As the hot, dry summer grows longer, Jordan’s main dams are now at levels below 15% and officials fear the consequences if the wet season is further delayed. Omar Salameh, a spokesperson for the Water Ministry of Jordan, said in a statement to Arab News: “This is unprecedented. Never in the history of Jordan has such a percentage been recorded.” The government official attributed the water scarcity crisis not just to a very long, hot and dry Summer and an overall very dry last two years, but also to high water consumption both in households and for irrigation.
According to Salameh, the country’s water reserves now sit at 43 million cubic metres. The combined capacity of Jordan’s 14 major dams is 336.4 million cubic meters.
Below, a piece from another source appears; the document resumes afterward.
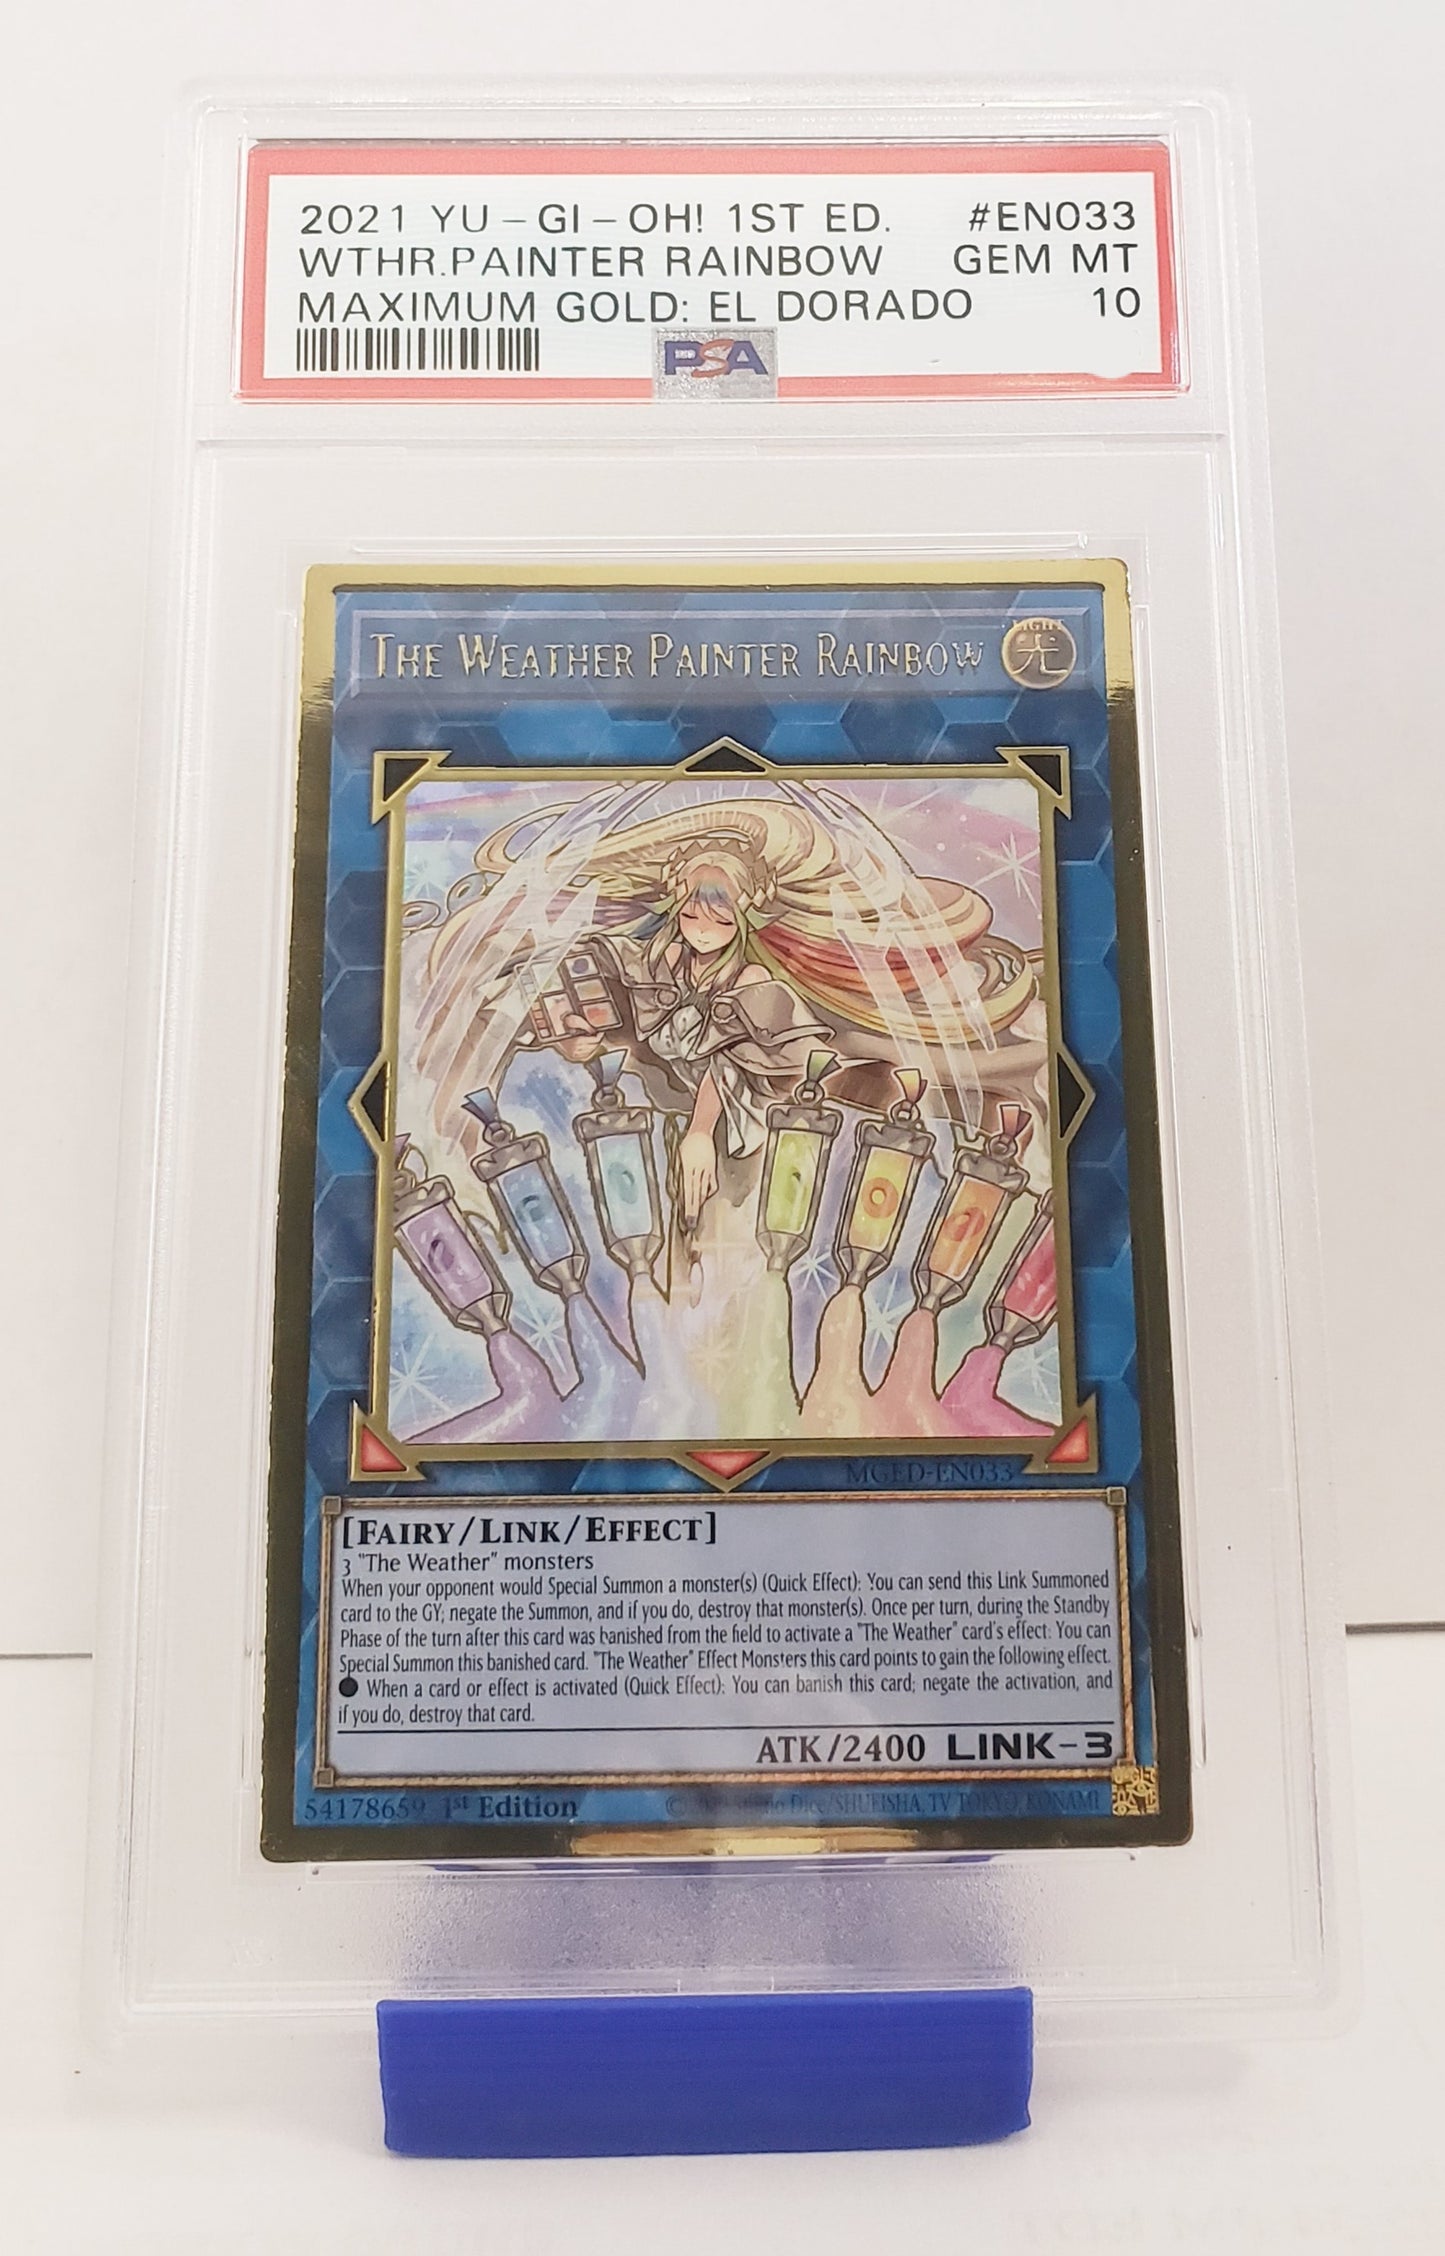 The Weather Painter Rainbow (MGED-EN033) PSA 10 1st Ed.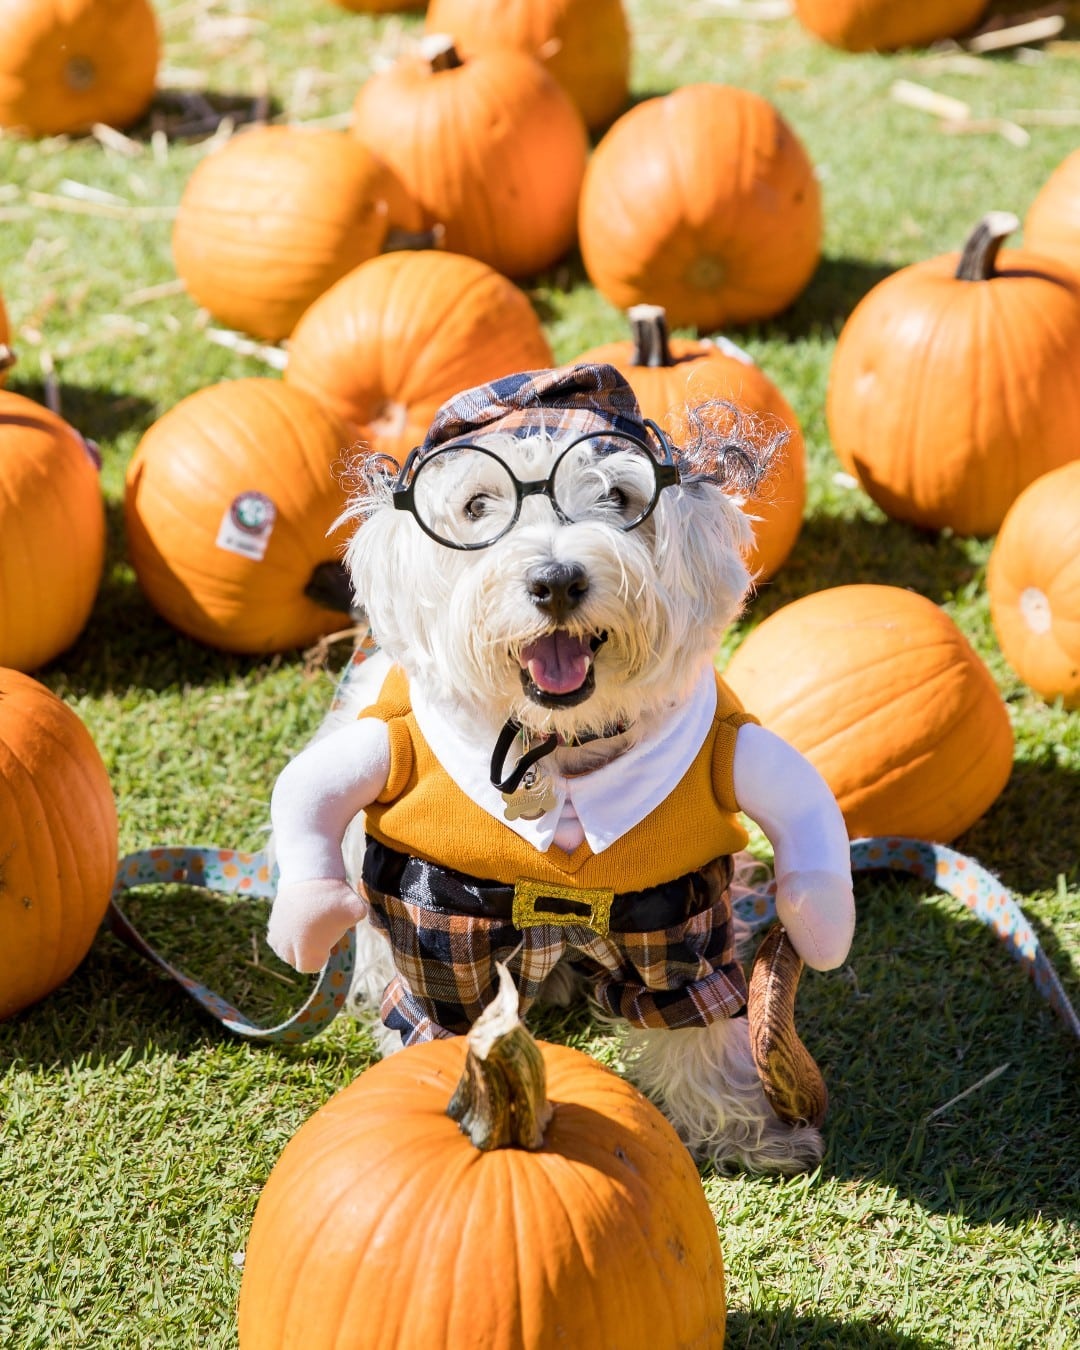 Find the perfect costume at Spirit Halloween, now open in the East Village Shops next to Nordstrom Rack. Whether you are shopping for your keiki, furry friend or yourself, Spirit Halloween has something for the whole family! What will you dress up as this year?

Under an existing agreement, Jordan had requested 30 million cubic metres of water from Syria but the request was refused by Syrian authorities which invoked their own irrigation needs and the instability in their southern territory.
The two countries signed the Yarmouk Water Agreement in 1987 under which the Al-Wehda dam would be built on the country’s border with Syria getting 75% of the generated electricity and Jordan getting full control over the water. However, Jordan has been accusing Syria of building reservoirs and implementing large agricultural projects which have been using up most of the water.
The Aqaba-Amman Water Desalination and Conveyance National Project, which promised to grant the country water stability until 2040, was announced in 2020, but the Jordanian government is still trying to secure funding to implement the project.